Конспиратор из него был аховый.
Иванов старался не замечать, как она потягивается, и как при этом сквозь ткань проступают темные большие соски, и как говорит:
— Скучно что-то...
— Это потому, что молодая, — покровительственно объяснял Келарь, — нет в тебе понимания, не подводной ты закалки.
— Какие уж там понимания, — соглашалась она и с тоской шарила по окнам, так что Иванов прятался за штору и принимался работать. Она портила утренние и послеполуденные часы, в которые он привык писать. У нее были светлые чухонские глаза, выгоревшие волосы и бесформенные коленки. Однако загорелая кожа и пунцовые губы выдавали в ней принадлежность к степным женщинам.
Вечерами Келарь занимался радиоперехватом и, сменив калоши на сандалии, уезжал на вихляющем велосипеде на станцию. Возвращался перед закатом.
Иванов выходил подышать воздухом под большой куст аргентинской полыни и виноград, оплетающий дом.
— Я, сынок, когда-то на глубины сто десять метров на одном воздухе ходил, и ничего... А эта... глянь, глянь, тьфу ты, смотрит... а ты даже пальцем не пошевелил...
— Гм? — удивлялся Иванов.
— Я по старой водолазной привычке все с закрытыми глазами делаю, потому что две трети погружений — в полной темноте... даже с женщинами — одно удовольствие, а ты сейчас для них полная загадка...
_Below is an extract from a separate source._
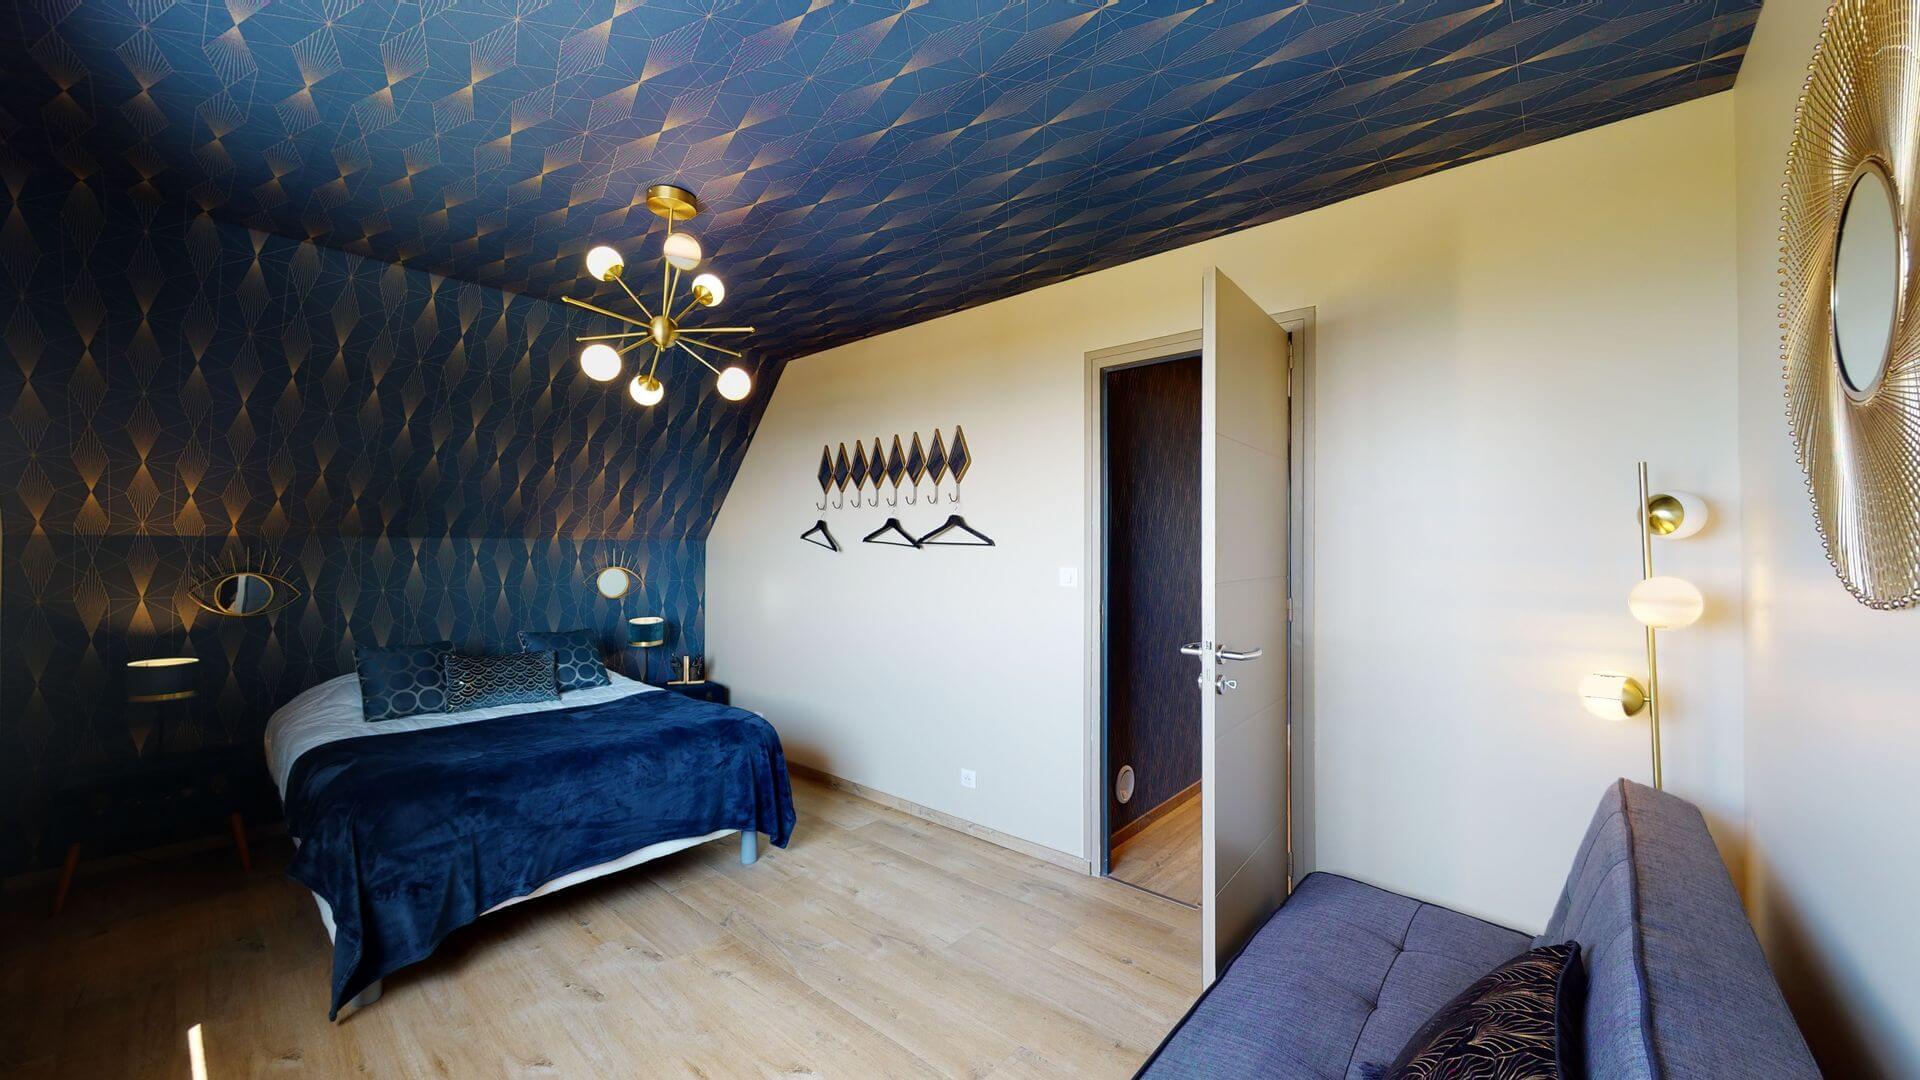 5 CHAMBRES & 2 SDB La Casa dAntoine par LA CLEF DECAMP 06032021 214051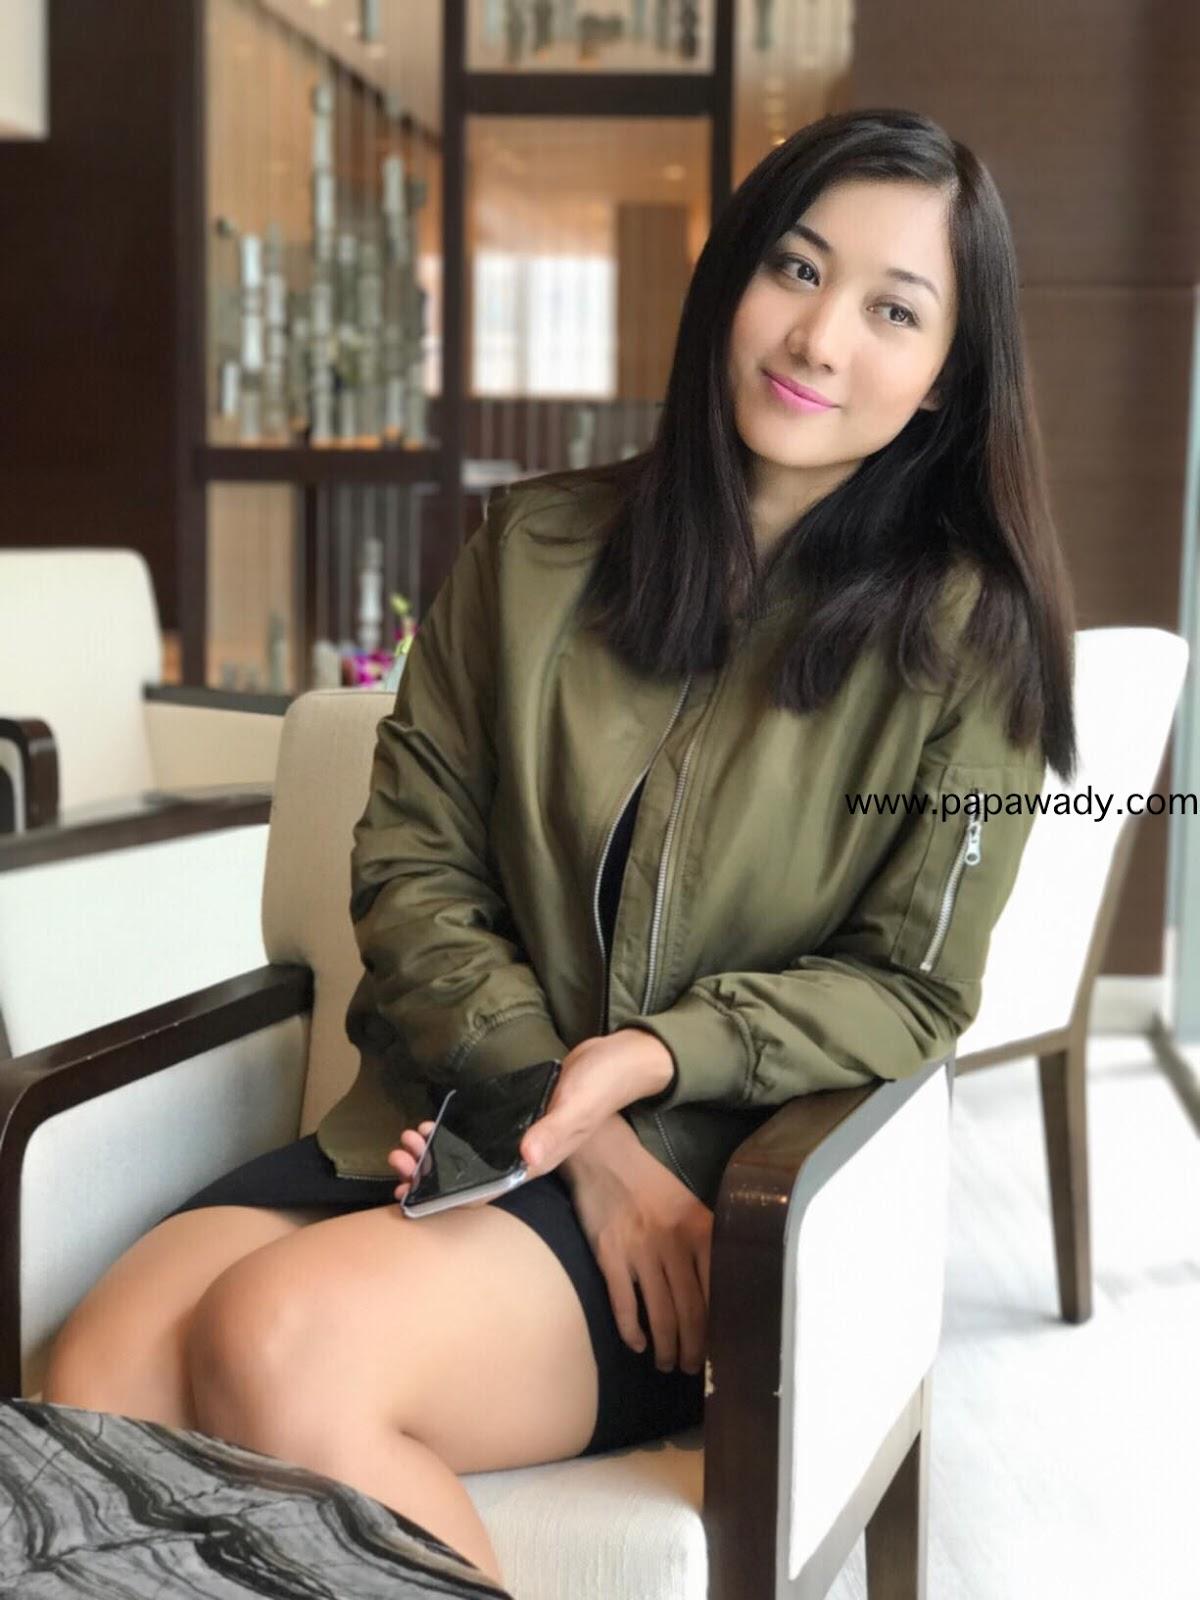 Lu Lu Aung A Chit Tat Sone Lu Thar ?

— Ну да... — невольно соглашался он.
— Я их хорошо знаю, интересуются... Мною тоже интересовались...
На третий день разглядел-таки бабочек. Роились под коньком соседского дома. Словно вуалевая тень расселись на проводах и ветках, опустились на ажурные воронки лаковых водостоков. "Чур, чур меня", — прошептал он.
Со стороны города висели тучи и сверкали зарницы.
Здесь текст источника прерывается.